Umbruch, Wandel und Gewalt„Entscheidungsjahre in Schaumburg“
Bückeburg (mm-18.08.20). Im Jahr 2018 veranstaltete die Historische Arbeitsgemeinschaft für Schaumburg eine Vortragsreihe zu wichtigen Erinnerungsjahren in Schaumburg, die mit der Jahreszahl „8“ enden und die weitreichende Auswirkungen für das Schaumburger Land nach sich zogen. Die Schaumburger Landschaft hat sich aufgrund des großen Interesses entschlossen, die Vorträge zu veröffentlichen.
Der von Stefan Brüdermann (Foto) herausgegebene Band mit dem Titel „Entscheidungsjahre in Schaumburg. Vom Dreißigjährigen Kriege bis zum Novemberpogrom“ erscheint als Band 25 in der Reihe Kulturlandschaft Schaumburg im Wallstein Verlag, Göttingen. Der Band enthält 128 Seiten mit 18 Abbildungen und ist zum Preis von 16,00 Euro im Buchhandel erhältlich (ISBN: 978-3-8353-3741-1).
Stefan Brüdermann behandelt den 1618 begonnenen Dreißigjährigen Krieg, in dem Schaumburg nie einem der verfeindeten Bündnisse angehört hat. 1633 wurde Schaumburg Schauplatz einer der blutigeren Schlachten des Dreißigjährigen Krieges, als bei Hessisch Oldendorf Truppen der evangelischen und der katholischen Seite aufeinandertrafen.
Die weitaus meisten Menschen, auch unter den Soldaten, starben nicht durch unmittelbare Gewalt, sondern durch Hunger und Seuchen, verursacht durch den Krieg.
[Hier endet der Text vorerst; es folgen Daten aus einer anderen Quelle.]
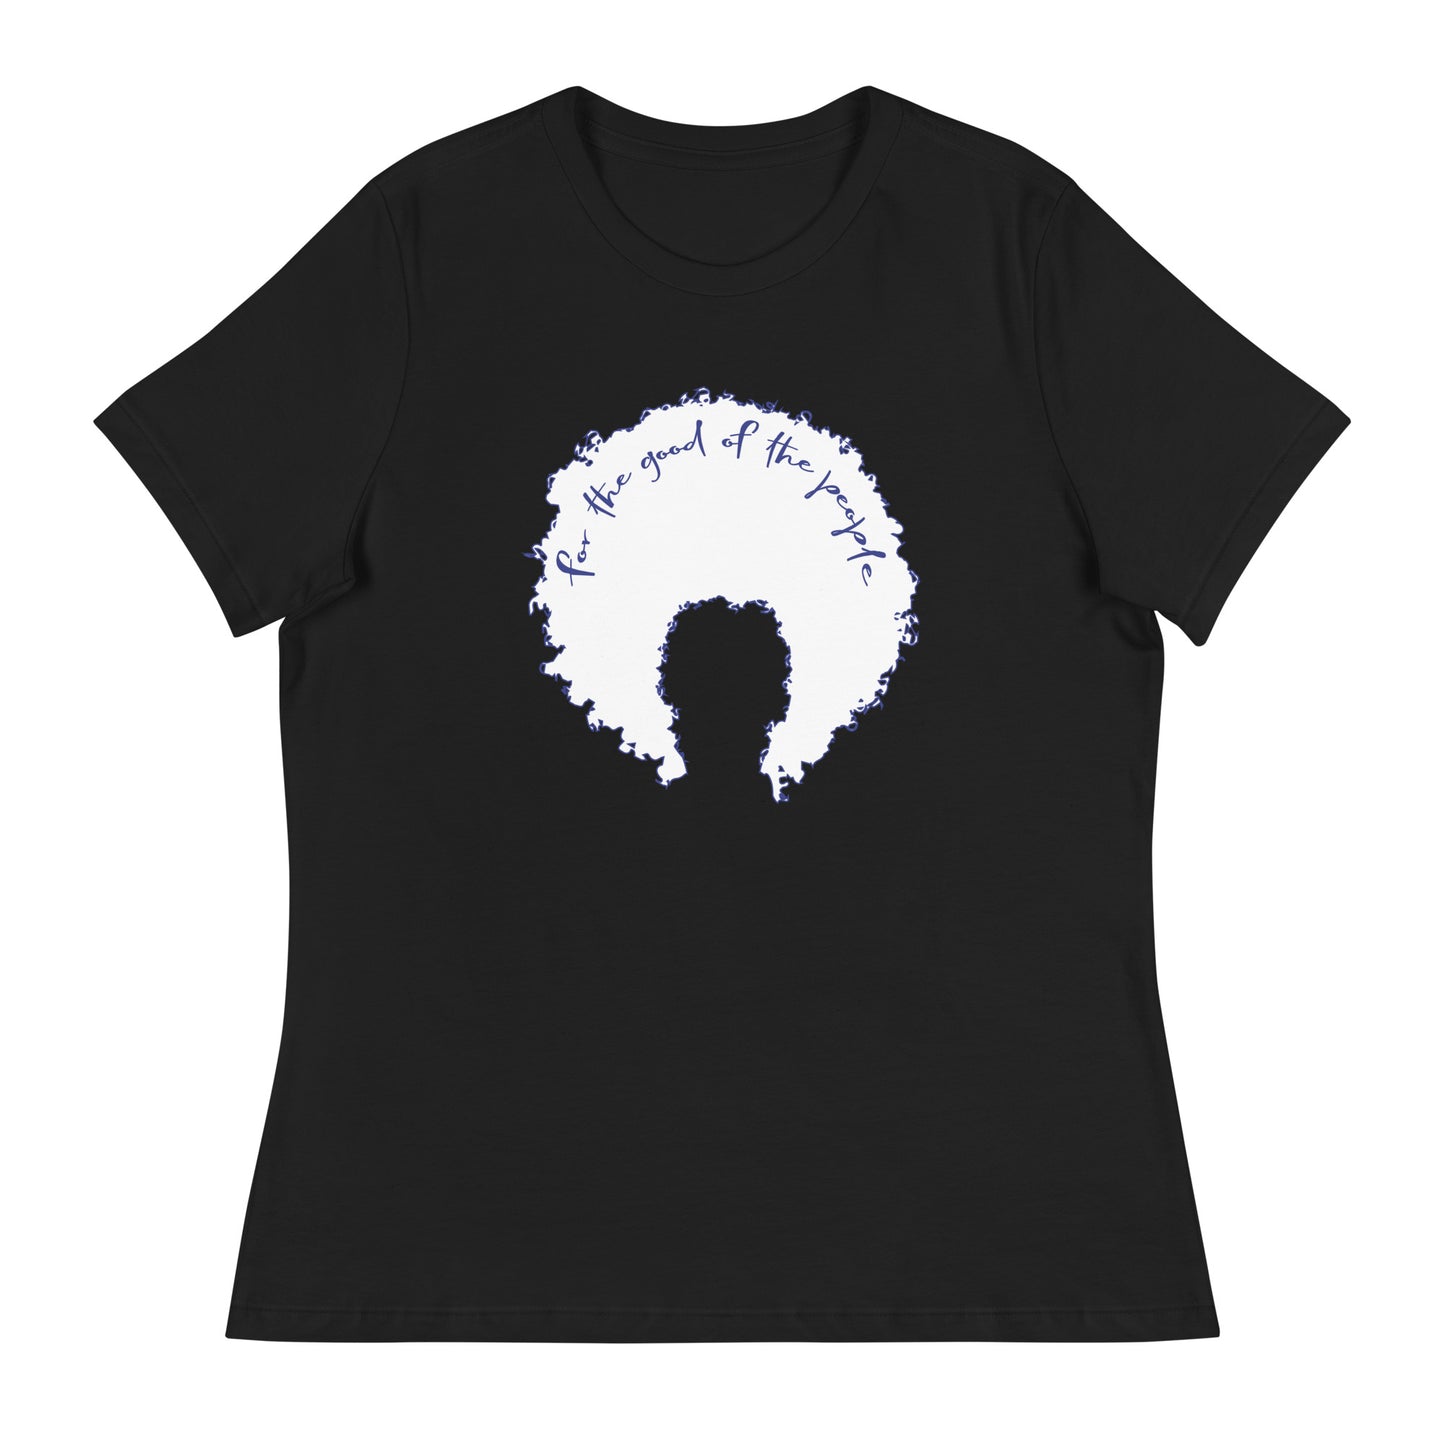 Black women's tee with white afro graphic trimmed in blue with for the good of the people in blue on the inside top of the afro.

Es waren nicht die großen Schlachten, die das am Krieg eigentlich unbeteiligte Land schädigten, sondern die damit verbundenen Durchzüge und Aufenthalte von Truppen, die erzwungenen Abgaben von Geld, Vieh und Nahrung sowie zusätzlichen Plünderungen und Gewalttaten. Am Ende des Krieges wurde das Land infolge des Aussterbens der Grafendynastie Holstein-Schaumburg geteilt.
Nicolas Rügge (Hannover) schildert die Ereignisse des Revolutionsjahres 1848, in dem bemerkenswerte Initiativen in Schaumburg-Lippe versandeten, weil in der „Kleinstmonarchie“ der Parlamentarismus nicht in Gang kam. Die Schaumburger suchten keine „Konfrontation“, sondern bemühten sich, ihrem Fürsten „Brücken zu bauen“.
Die „Revolution“, so Rügge, habe in der Residenzstadt auf kleiner Flamme geköchelt. Dennoch habe die „48er Revolution in Schaumburg-Lippe zum ersten Male starke politische Emotionen freigesetzt und breite Bevölkerungskreise für liberale und demokratische Ideen begeistert.“
Jörn Ipsen (Osnabrück) befasst sich mit den Eigenheiten der ersten parlamentarischen Verfassung Schaumburg-Lippes aus dem Jahr 1868 und ihrer Vorgeschichte. Er resümiert, dass im Fürstentum Schaumburg-Lippe das monarchische Prinzip so sehr im Bewusstsein der Bevölkerung verankert war und die Verfassung keinen vergleichbar gefestigten Bestand hatte, „dass Rechtsbrüche (Staatsstreich) durch den Fürsten wie die Nichteinberufung der Ständeversammlung ohne größere politische Risiken gewagt werden konnten.“
Karl H. Schneider (Obernkirchen) betrachtet Schaumburg-Lippes Weg in die Revolution von 1918 mit der Abdankung des Fürsten im Kontext der Revolution in Deutschland. „In Schaumburg wollte man 1918 anders als in Braunschweig keine sozialistische Revolution“, so Schneider. Es habe zwar eine zahlenmäßig große Arbeiterbewegung gegeben, die aber praktisch komplett der gemäßigten MSPD angehört haben dürfte.
Frank Werner (Hamburg/Hess. Oldendorf) untersucht die Schaumburger Vorgänge während des Judenpogroms im November 1938 („1938 – Nächte des Schreckens. Die Novemberpogrome in beiden Teilen Schaumburgs: Ereignisse, Mythen, Rätsel).